◆ WORK ITEM
The required output is the lines from the one with "Camiseta Texto musique" through the end of the data, repeated verbatim, with no pictures included.

◆ DATASET SECTION

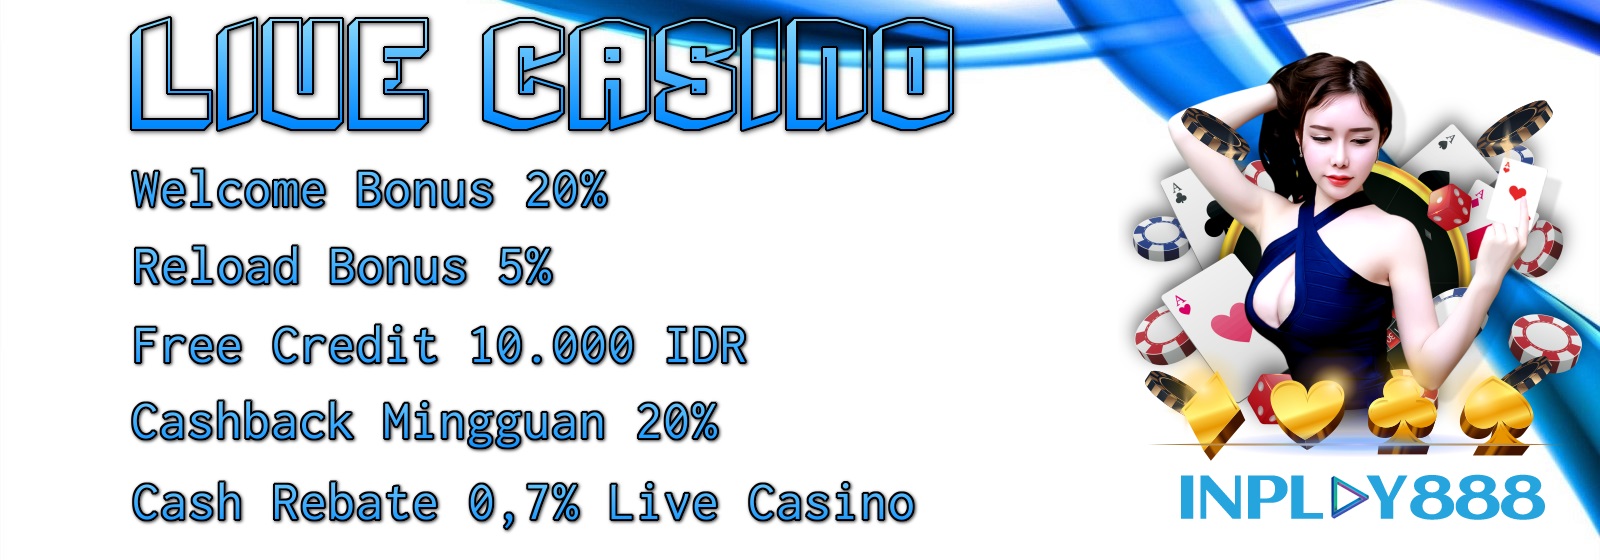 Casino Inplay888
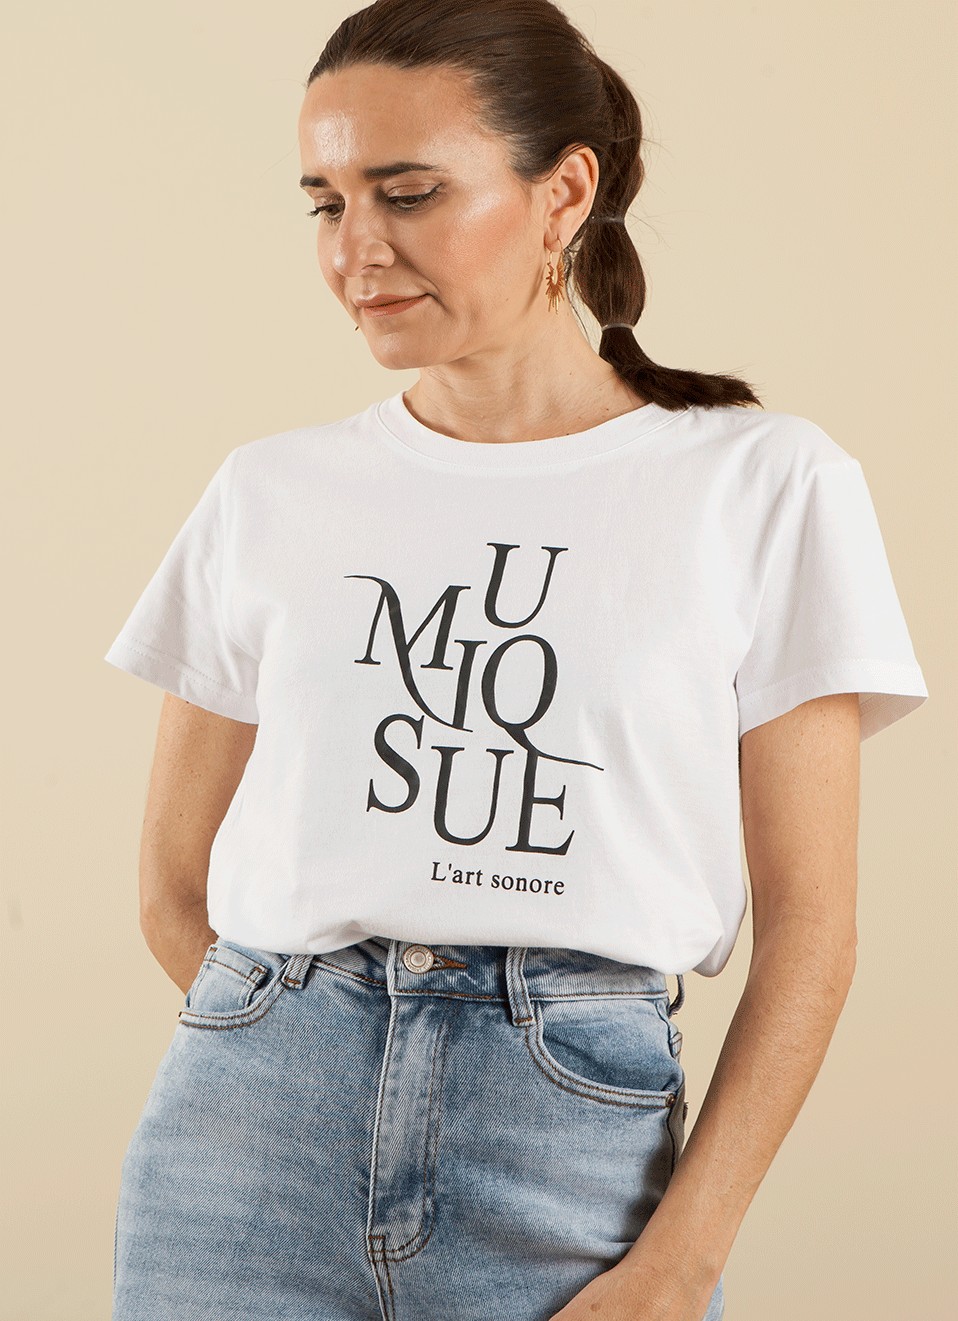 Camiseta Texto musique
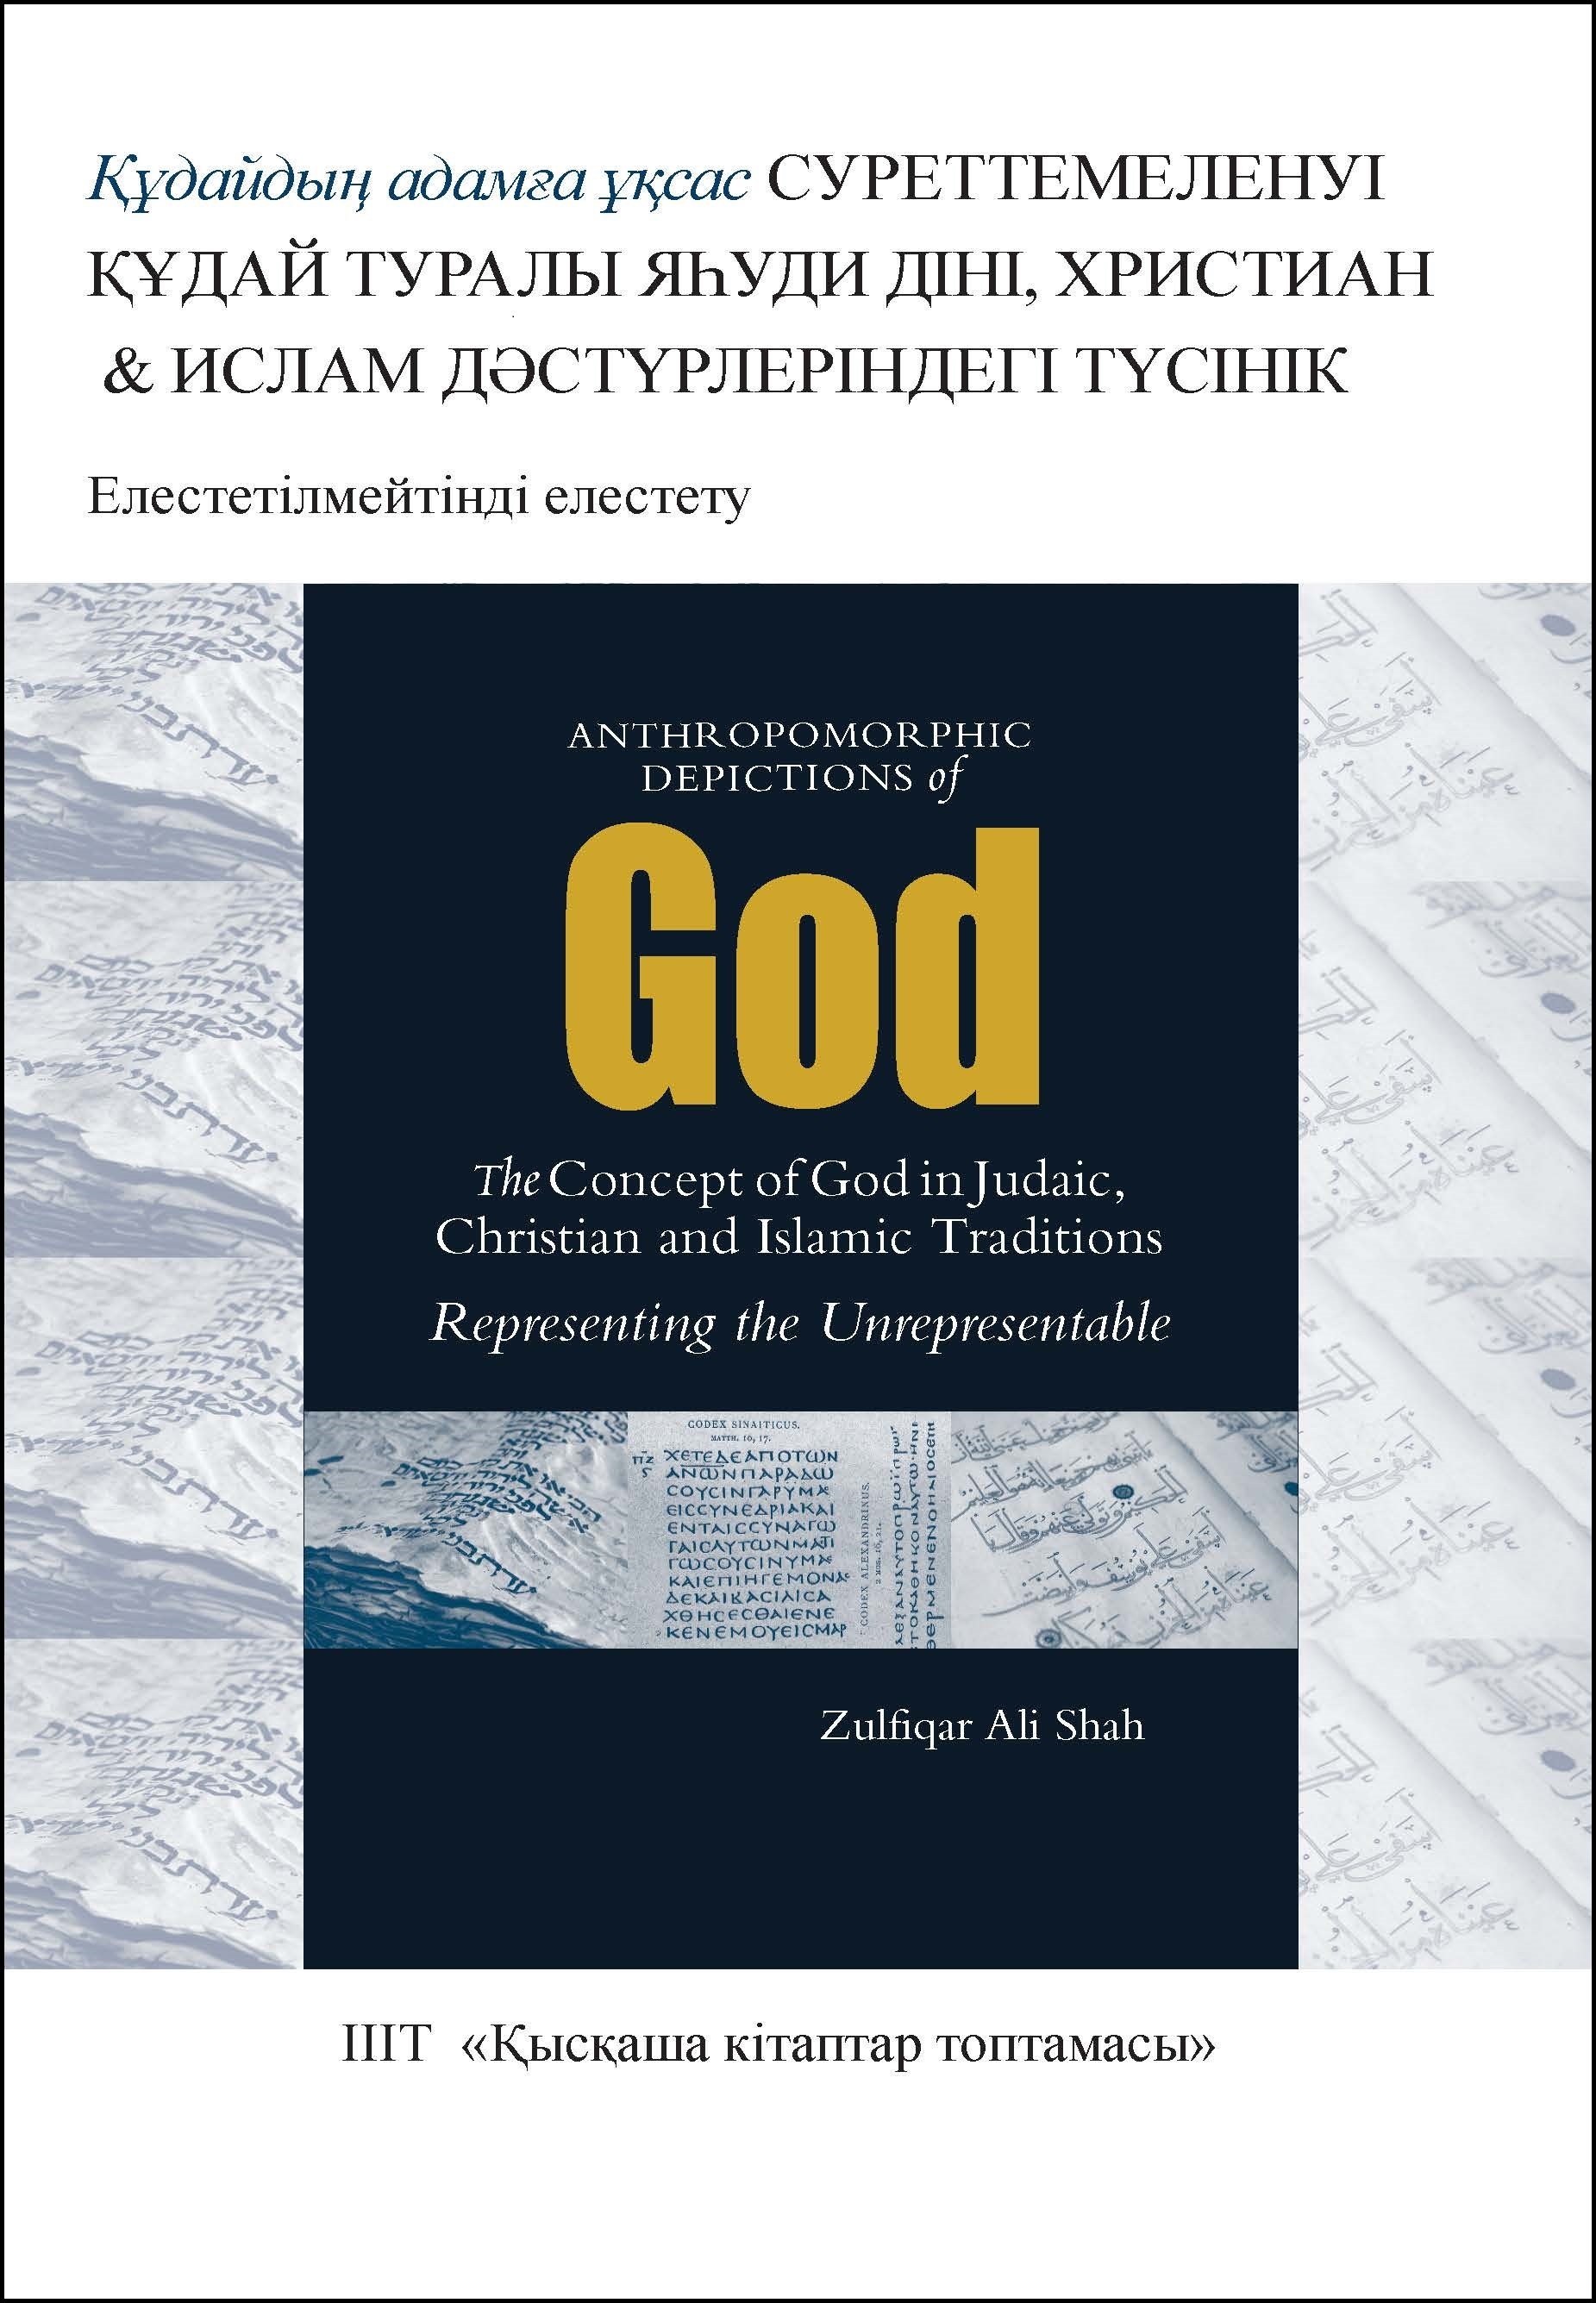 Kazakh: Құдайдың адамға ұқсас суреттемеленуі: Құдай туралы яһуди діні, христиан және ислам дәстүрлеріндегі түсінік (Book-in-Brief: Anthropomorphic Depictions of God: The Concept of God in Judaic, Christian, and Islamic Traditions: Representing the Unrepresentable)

◆ RESPONSE
 Camiseta Texto musique
 Kazakh: Құдайдың адамға ұқсас суреттемеленуі: Құдай туралы яһуди діні, христиан және ислам дәстүрлеріндегі түсінік (Book-in-Brief: Anthropomorphic Depictions of God: The Concept of God in Judaic, Christian, and Islamic Traditions: Representing the Unrepresentable)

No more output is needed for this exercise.